Mr. Jeremy S. McBride
Southport Agencies, Inc.
2700 Lake Villa Drive, Suite 180
Metairie, Louisiana 70002

RE: Coastwise Transportation; 46 U.S.C. § 55102

Dear Mr. McBride:

This letter is in response to your correspondence dated December 29, 2008, requesting a ruling on whether off-specification ethylene glycol may be unladen at its original point of lading without violating the Jones Act, 46 U.S.C. § 55102. Our ruling on your request follows.

FACTS

On October 28, 2008, the M/T BOW ENGINEER loaded 6,596.868 MT of ethylene glycol at Dow Taft in St. Charles, Louisiana. The cargo was supposed to be discharged at Santos, Brazil, however, upon arrival in Brazil, it was determined that the cargo was off-specification. The seller, Dow Chemical, requested that the cargo be returned to their Taft facility where they wish to discharge the cargo at the original dock where it was laden in St.
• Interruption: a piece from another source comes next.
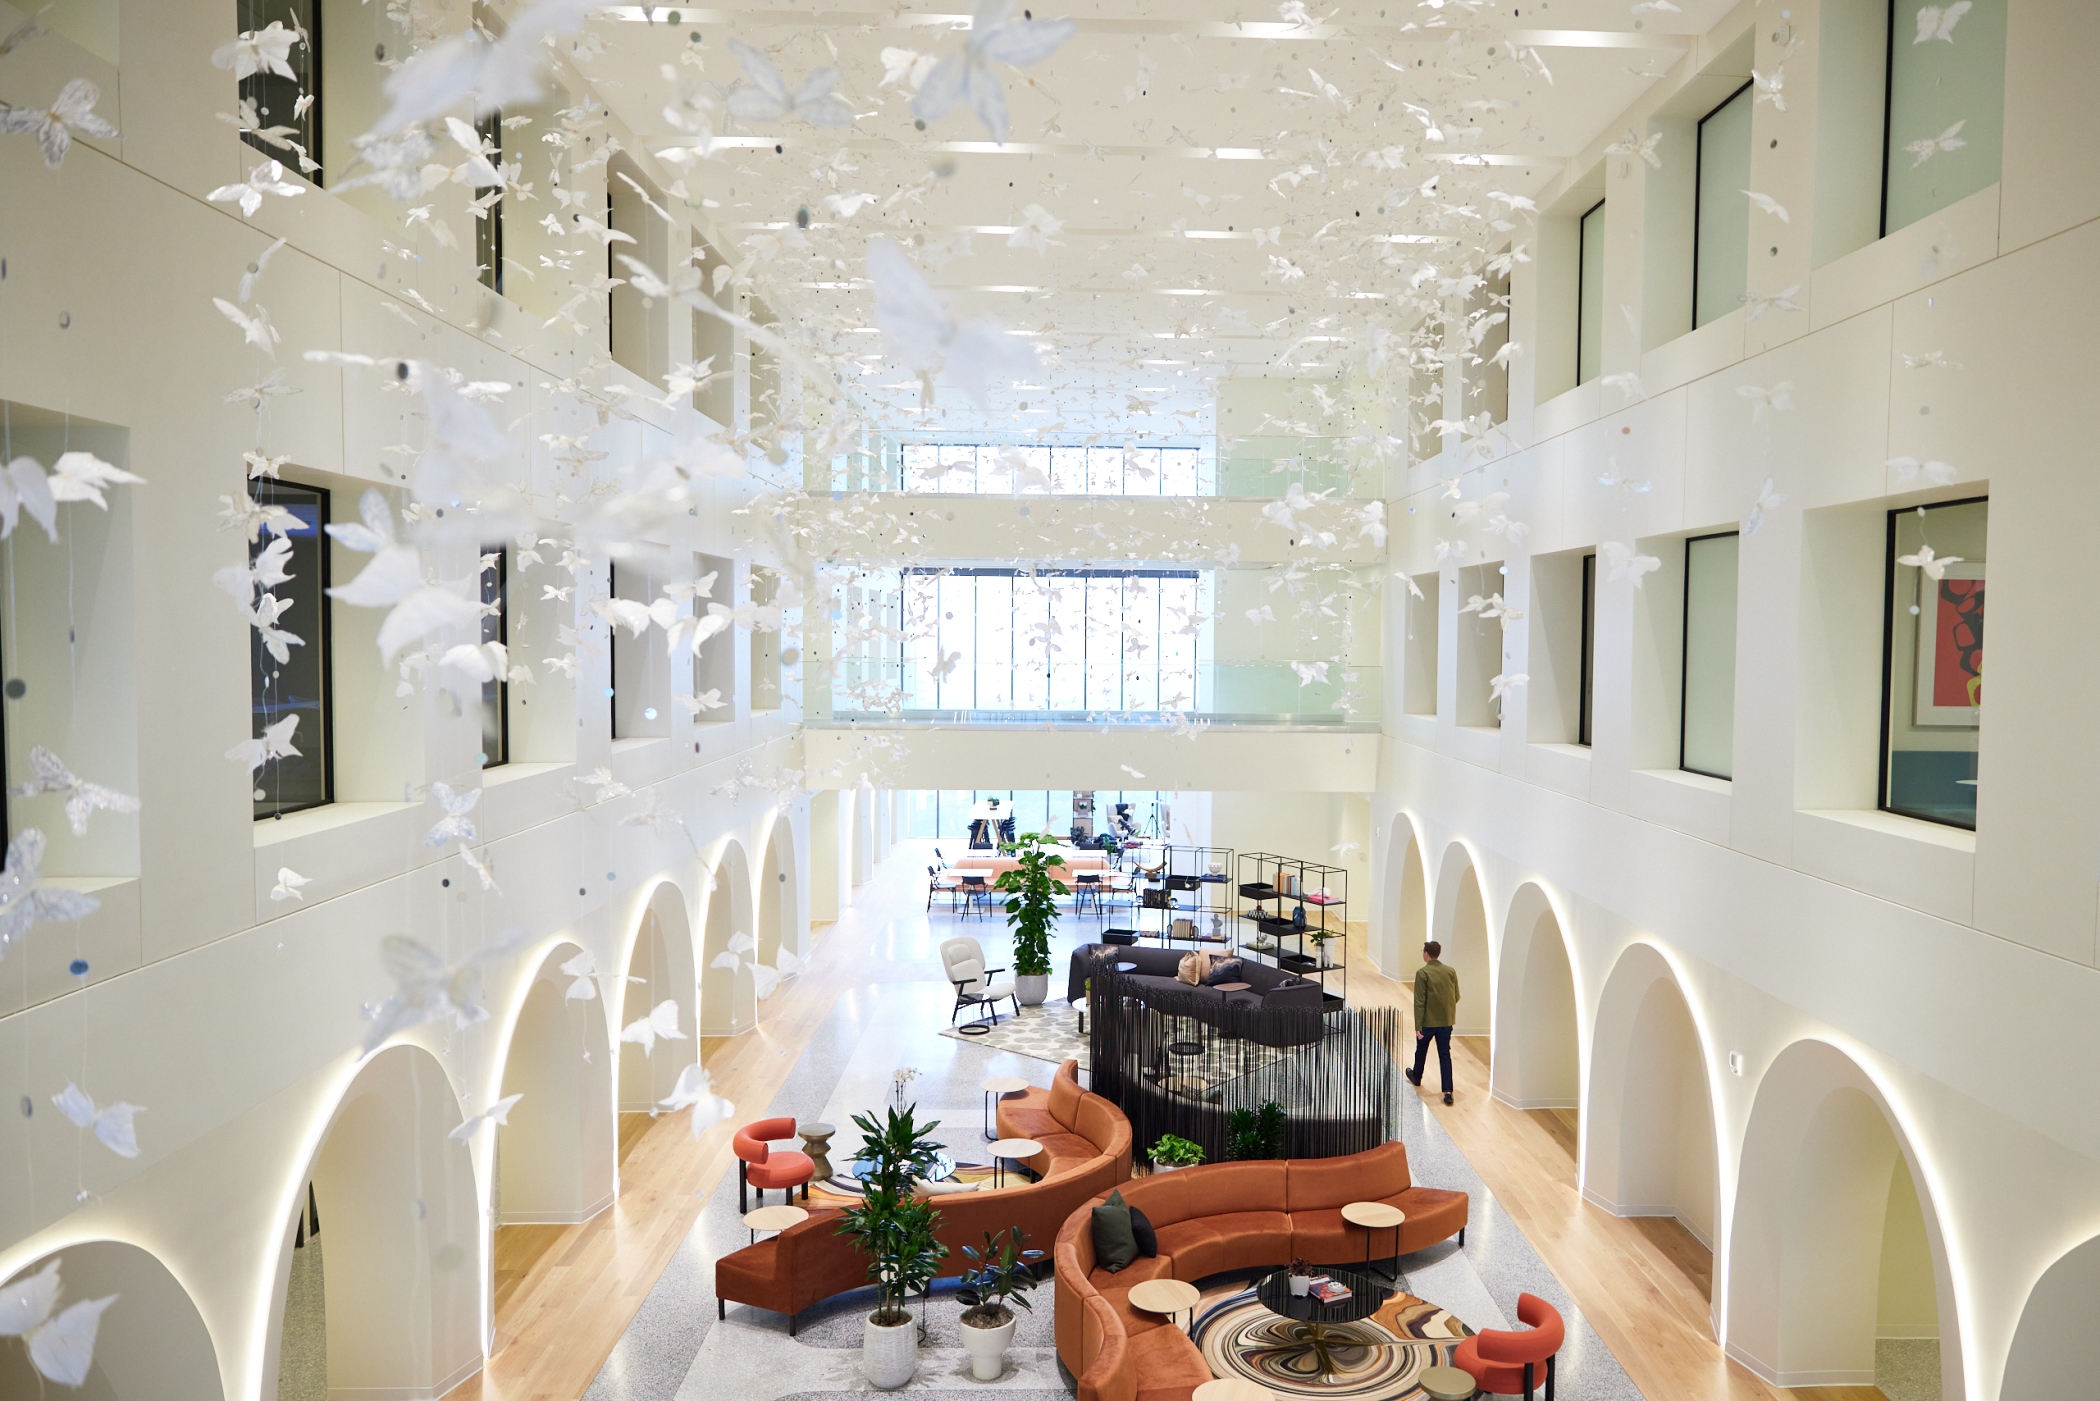 Neiman Marcus has a three-story atrium at its new Dallas headquarters and hub office. (Neiman Marcus)

Charles, Louisiana on January 5, 2009.

ISSUE

Whether the transportation of merchandise by a non-coastwise-qualified vessel as described above constitutes a violation of 46 U.S.C. § 55102?

LAW AND ANALYSIS

The Jones Act, former 46 U.S.C. App. § 883 recodified as 46 U.S.C. § 55102, pursuant to P.L. 109-304 (October 6, 2006), states that “a vessel may not provide any part of the transportation of merchandise by water, or by land and water, between points in the United States to which the coastwise laws apply, either directly or via a foreign port” unless the vessel was built in and documented under the laws of the United States and owned by persons who are citizens of the United States. See also 19 C.F.R. §§ 4.80, 4.80b. Such a vessel, after it has obtained a coastwise endorsement from the U.S. Coast Guard, is said to be “coastwise-qualified.” The coastwise laws generally apply to points in the territorial sea, which is defined as the belt, three nautical miles wide, seaward of the territorial sea baseline, and to points located in internal waters, landward of the territorial sea baseline.

Pursuant to 19 U.S.C. § 1401(c), the word "merchandise" is defined as "goods, wares, and chattels of every description, and includes merchandise the importation of which is prohibited, and monetary instruments as defined in section 5312 of Title 31.” For purposes of the Jones Act, merchandise also includes “valueless material.” See 46 U.S.C. § 55102(a)(2). The U.S. Customs and Border Protection (“CBP”) Regulations promulgated under the authority of 46 U.S.C. § 55102 provide that a coastwise transportation of merchandise takes place when merchandise laden at a coastwise point is unladen at another coastwise point, regardless of origin or ultimate destination. See 19 C.F.R. § 4.80b(a). These regulations further clarify the term coastwise points as “including points within a harbor.” See 19 C.F.R. § 4.80(a).

In addition, CBP has narrowly construed what constitutes the same coastwise point. In Headquarters Ruling Letter W115601, dated February 28, 2002, CBP found merchandise can be laden and unladen at the same location without violating 46 U.S.C. § 55102 but if the merchandise was unladen even a vessel width from the dock where it is laden (with no contact with the dock at any point) then a violation of 46 U.S.C. § 55102 has occurred. You state that you will unlade the merchandise at the dock from which it was originally laden. Accordingly, given that the merchandise was originally laden at this dock, it may be unladen at the same dock without violating 46 U.S.C. § 55102. HOLDING

The transportation of merchandise by a non-coastwise-qualified vessel as described above does not constitute a violation of 46 U.S.C. § 55102.